En efecto, en aquellos años, Paolini vivió una temporada de densos estudios y auténticos redescubrimientos, él, que aparecía en la Storia pittorica d’Italia del abad Lanzi, que había obtenido el privilegio de una biografía en las Notizie de’ professori del disegno de Baldinucci (es el gran historiador florentino quien lo llamaba “pintor de gran excentricidad y noble invención”, acostumbrado a pintar ’con gran paciencia y estudio’), que había esparcido sus cuadros por toda la ciudad, que aparecía mencionado en todas las guías de eruditos locales ya en el siglo XVIII y que incluso empezaba a aparecer en publicaciones odeportivas. Además, es imposible visitar Lucca sin toparse con una obra de Pietro Paolini. Antes de que Meloni Trkulja hablara de un Paolini revalorizado, Anna Ottani Cavina y Alessandro Marabottini Marabotti habían escrito sobre él, ayudando a enmarcar su carrera, y más tarde, en 1987, Patrizia Giusti Maccari editaría la primera y, hasta ahora, única monografía sobre el pintor de Lucca. Después de esto, poco más que contar: el interés por él quedó confinado al ámbito local. Y nunca antes Pietro Paolini había disfrutado de su propia exposición monográfica. Que llegó a finales de 2021, disfrazada: el comisario, Vittorio Sgarbi, la tituló I pittori della luce. De Caravaggio a Paolini. Un título ciertamente adulatorio, todo concentrado en embaucar al público reservando al gran protagonista de la exposición sólo la octava palabra, la última, de la que se compone, y alardeando del nombre de Caravaggio, presente en verdad sólo en la primera sala, además con una reproducción y con dos obras que nunca han sentado bien a toda la crítica. Las colas a las puertas del Cavallerizza de Lucca son la prueba más icastica y tangible del éxito de la operación. Pero si la intención, muy noble, es dar a conocer a Pietro Paolini al público nacional (pero también a los propios lucchese), también merece la pena uno de esos títulos acariciadores que horrorizan a los puristas.
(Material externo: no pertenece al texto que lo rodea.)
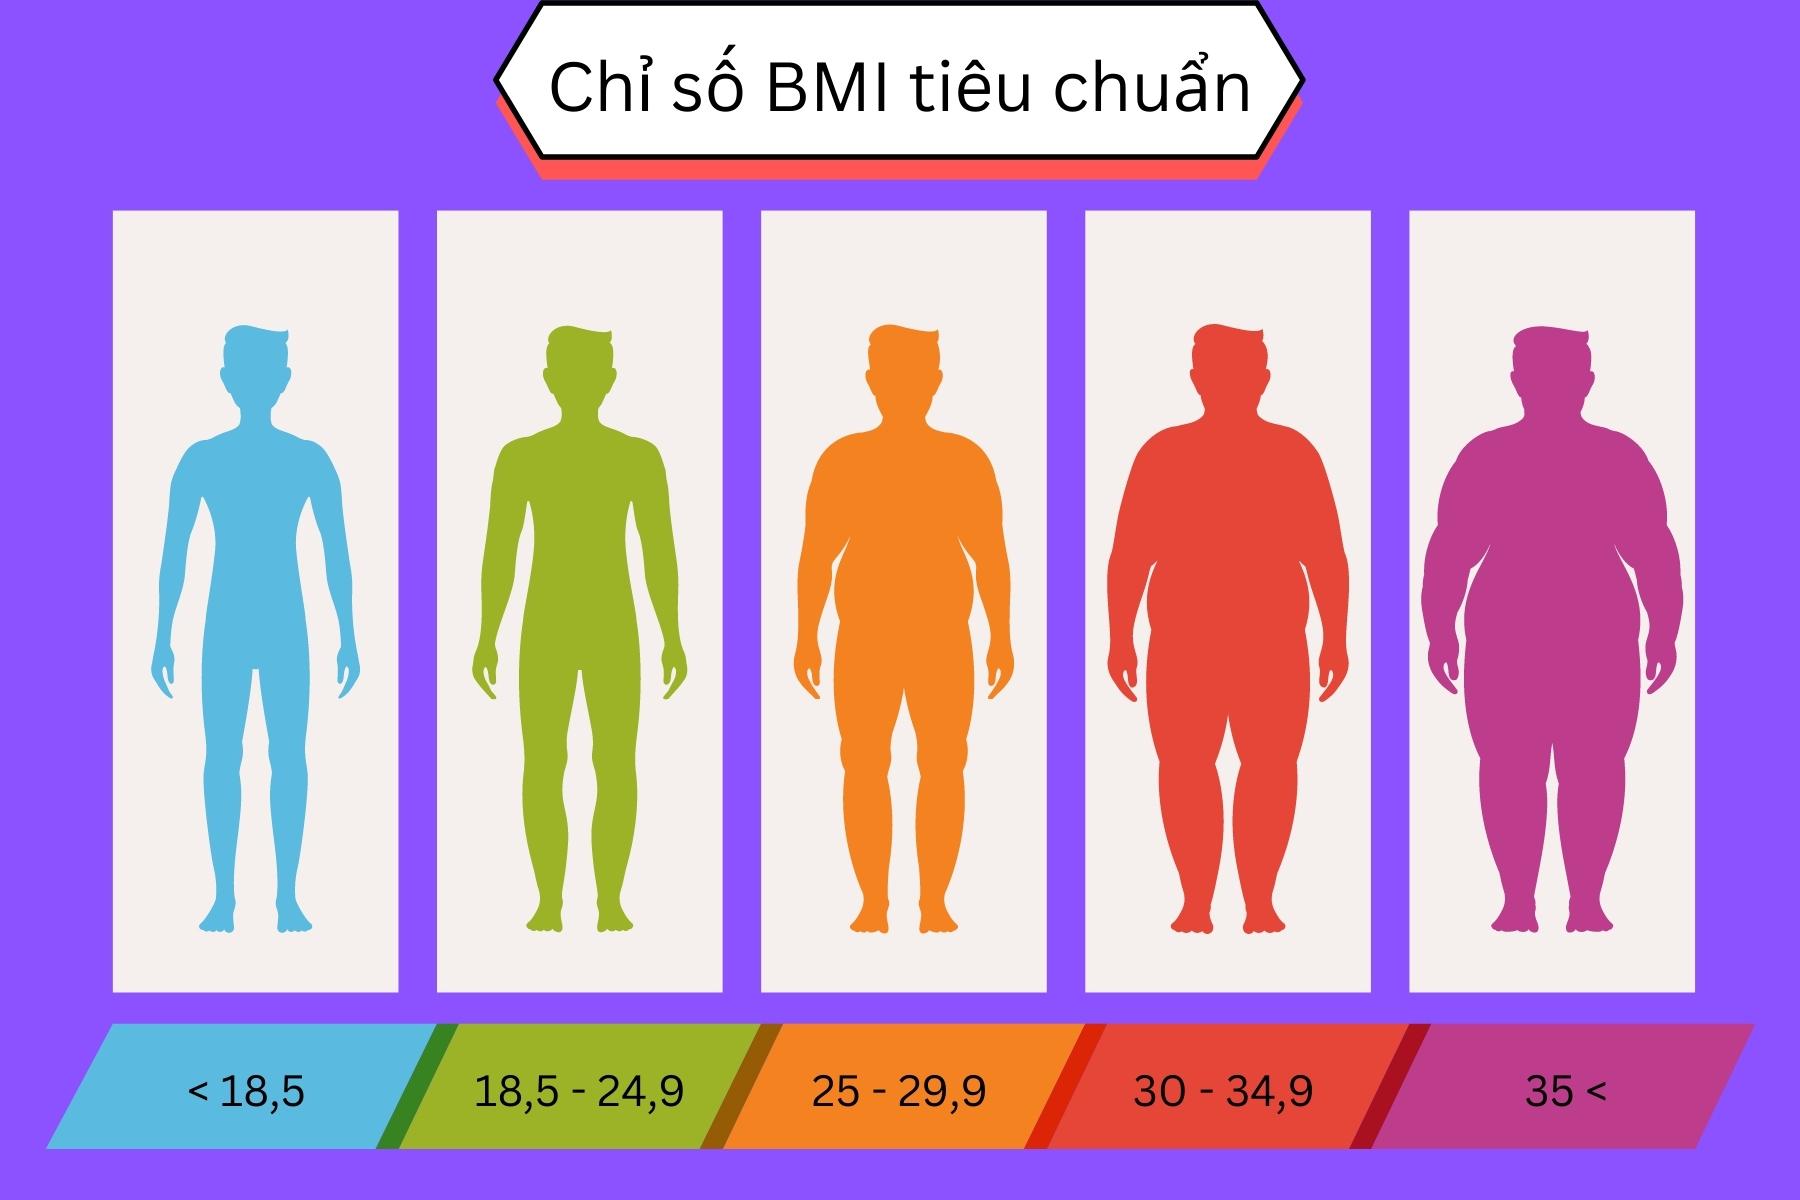 Chi so BMI tieu chuan

¿Cuáles son las razones de la desgracia expositiva de Pietro Paolini? Probablemente una sola razón: el hecho de que el tratamiento que la crítica ha hecho de él nunca haya traspasado las murallas de la ciudad. “El nombre de Pietro Paolini”, escribe Sgarbi, “nunca ha sido evocado, por ejemplo, por Berenson, Longhi y Voss, que no reconocieron la talla que le correspondía, dedicándole atención y consideración”. La monografía de Giusti Maccari, precedida por un ensayo de Elisabetta Giffi publicado en Prospettiva en 1986 (en el que la estudiosa lamentaba el silencio en el que se había sumido de nuevo el artista), abrió efectivamente el camino a otra temporada de estudios sobre Paolini, que culminó con la exposición sobre los inicios del siglo XVII en Lucca en 1994-1995, comisariada por Maria Teresa Filieri, en la que, sin embargo, se tuvo en cuenta todo el fértil ambiente artístico de Lucca en aquella época, y continuó con trabajos recientes de estudiosos como Gianni Papi, la propia Nikita de Vernejoul, Stefania Macioce y Paola Betti. Paolini, sin embargo, no ha sido tan afortunado como un Orazio Gentileschi, un Valentin de Boulogne, un José de Ribera, pero también, más banalmente, un Battistello Caracciolo o un Giovanni Serodine, por citar sólo algunos. Y en las exposiciones dedicadas a los pintores caravaggiescos, Paolini, siempre suponiendo que estuviera presente, ni siquiera conseguía un papel secundario. La exposición de Sgarbi suple por tanto esta carencia, y lo hace con un itinerario impecablemente ordenado, con un desarrollo lineal, acompañando al visitante primero por la Roma marcada por la estrella de Caravaggio, en los años inmediatamente posteriores a su muerte, después por Lucca, donde creció y se consolidó el genio de Paolini, y finalmente por el vivo legado del maestro, dando amplio espacio a los acontecimientos de Girolamo Scaglia y Giovanni Domenico Lombardi, los dos pintores que más se fijaron en Paolini. Y no sólo a ellos.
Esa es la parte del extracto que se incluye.